Author SandieBeach Posted March 7, 2012 Author Posted March 7, 2012 I'm just informing you that a guy can continue to carry on with another woman while pretending to patch things up. They can have several cell phones. Does he have one for work? How many email addresses? You can't go crazy tracking his every move, but he's the one who messed up so I say do what you have to to stay sane. If you can't remain sane, get out. That is a very valid point. 1
Ninja'sHusband Posted March 7, 2012 Posted March 7, 2012 Keep your eyes open, but don't drive him insane with jealous behavior. If he's really come clean and such then I'm jealous of you. My WW's lies and deceit after D-Day destroyed us.

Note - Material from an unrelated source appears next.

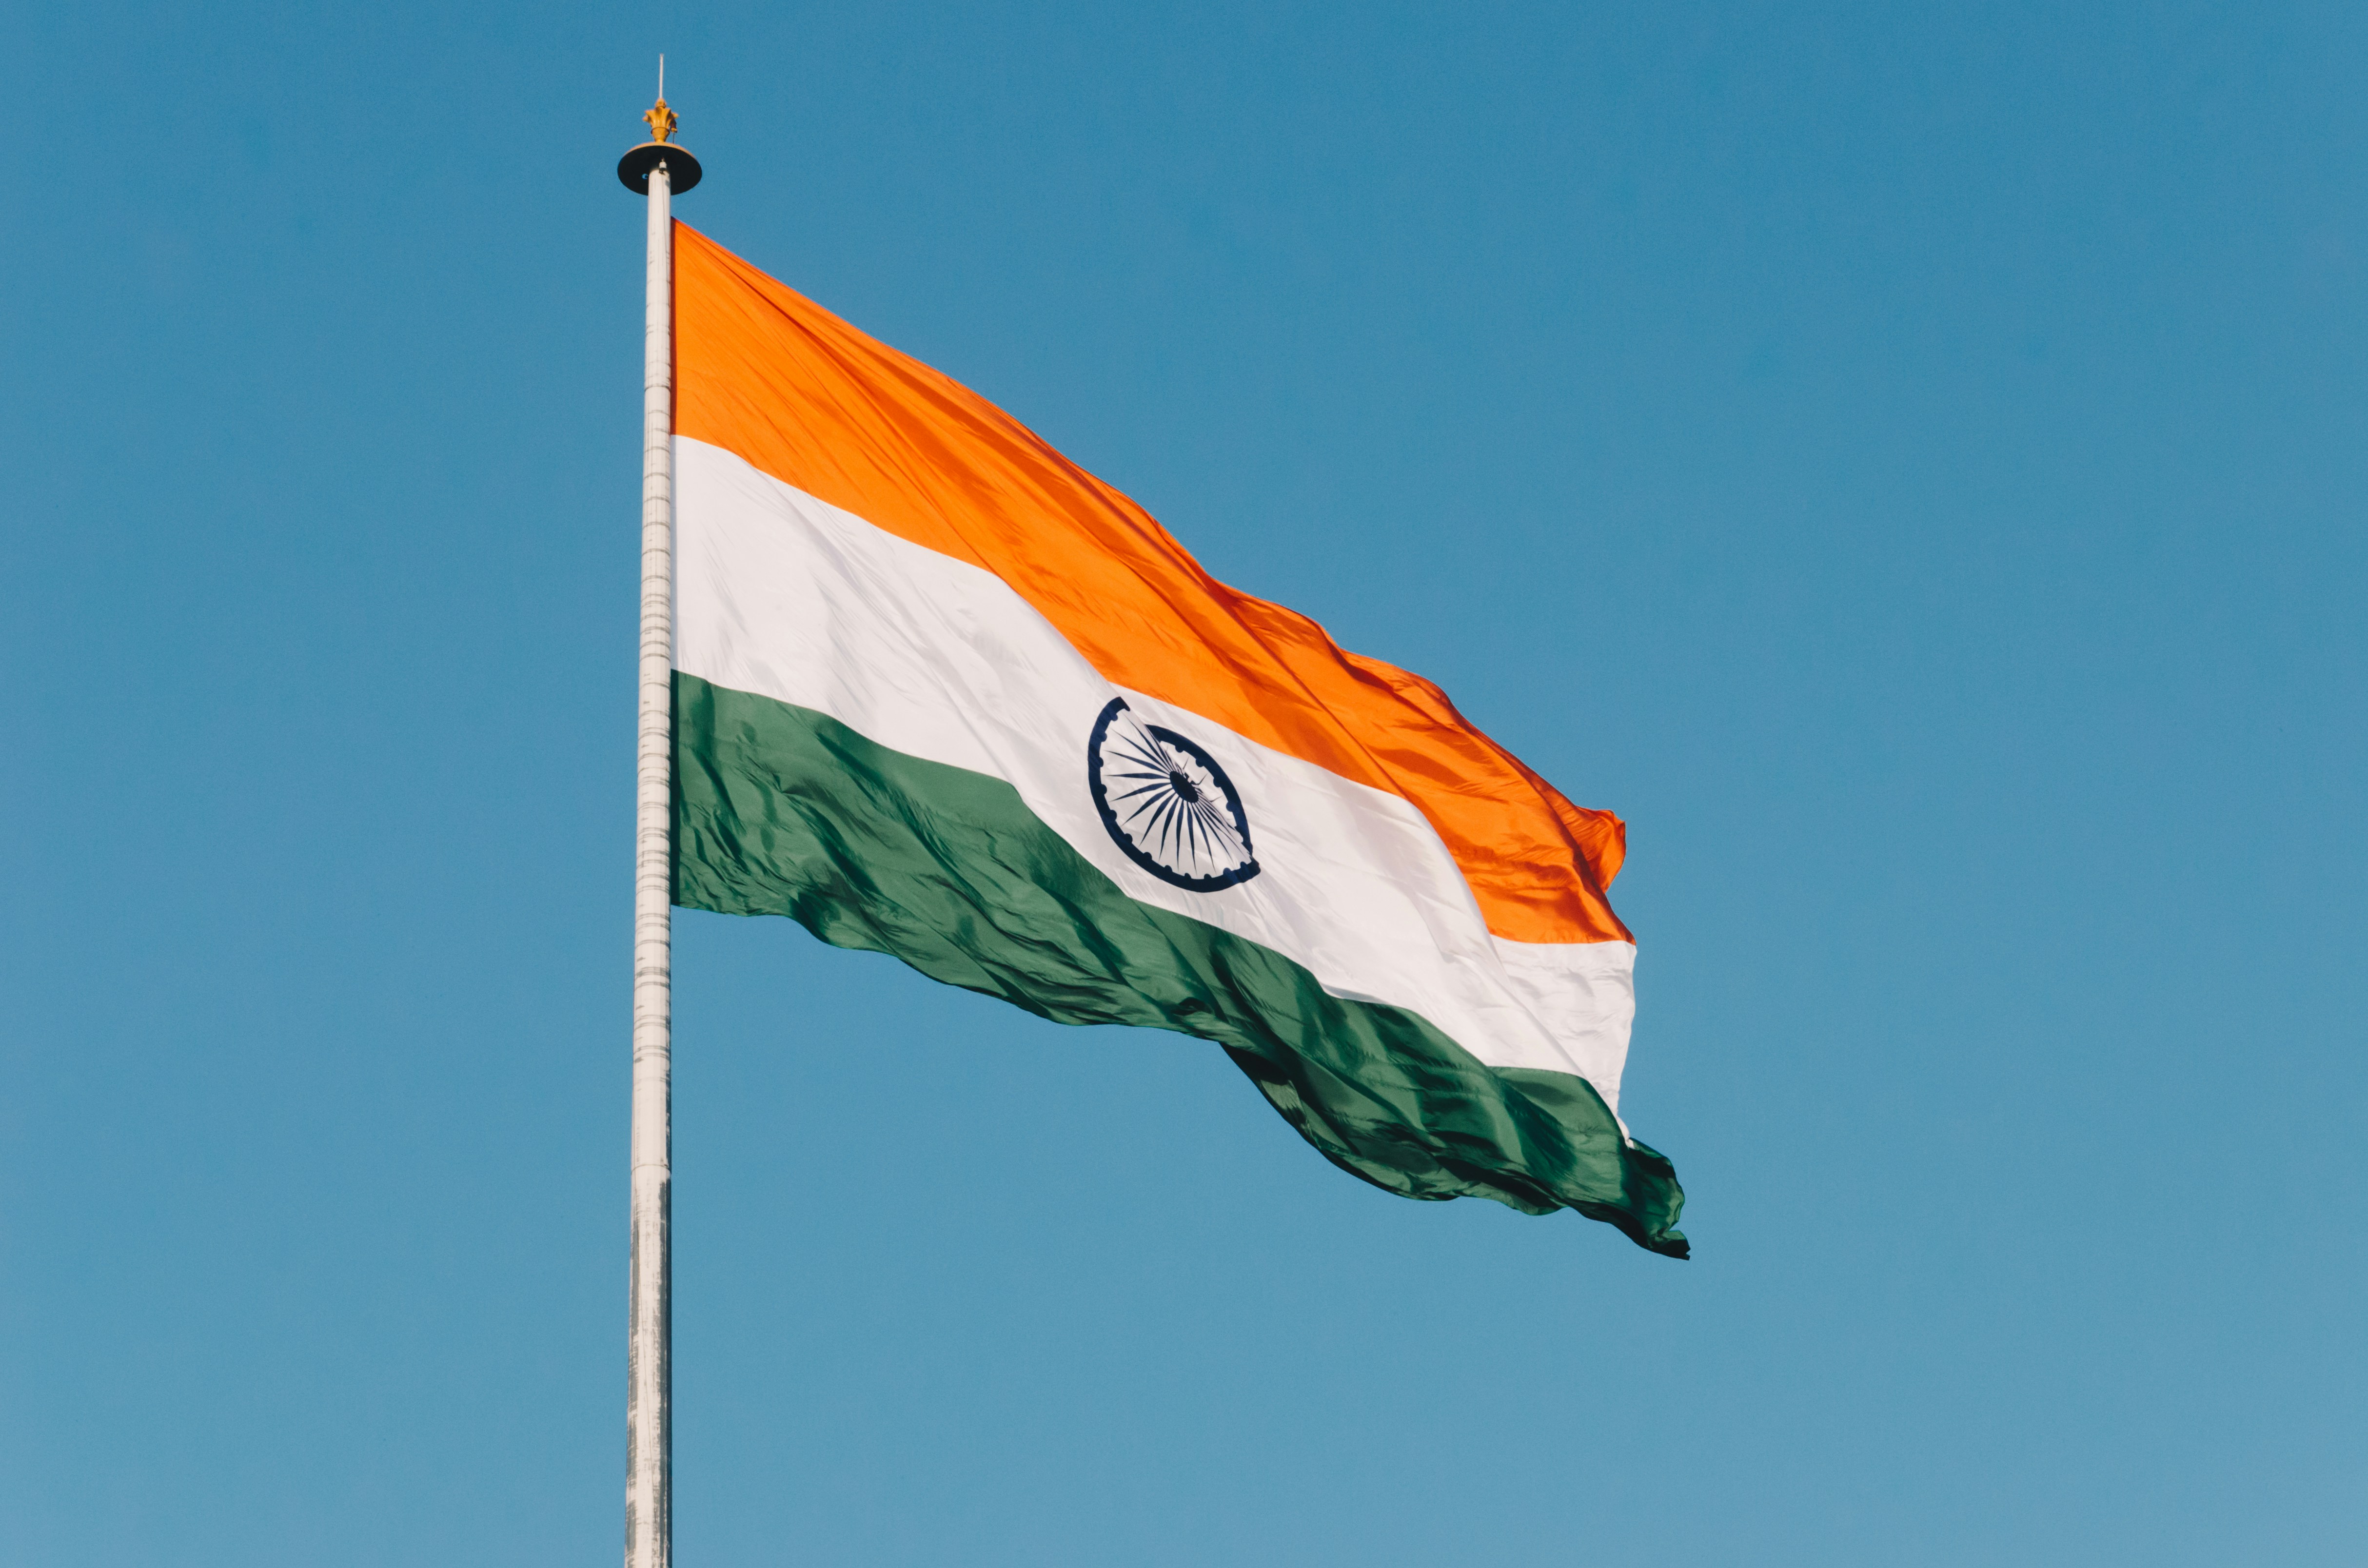 Image shows the Indian flag, comprised of 3 colored stripes of orange, white and green from top to bottom with an emblem at the center of the middle white stripe, flying high with the sky as the background.

frozensprouts Posted March 7, 2012 Posted March 7, 2012 part of building trust between the two of you will be the frank and open discussions you say that you are having...that's a good sign. There may well be a lot that the two of you can open up about that you didn't feel you could before. All of that can help with repairing the damage his choices caused. Trust takes aong time to rebuild after it's broken. It will take time to rebuild that trust, and the interim can be excruciating. my husband had to work with the other woman after their relationship ended, and that was hard at first. But I figured that if I couldn't trust him around her, how could I trust him around anyone? It took a lot of counseling and hard work on his part, but we were able to rebuild things. He learned better problem solving and communication skills, and so did I. But it wasn't easy, and there were times I almost gave up ( but I love him and I'm very stubborn:laugh:)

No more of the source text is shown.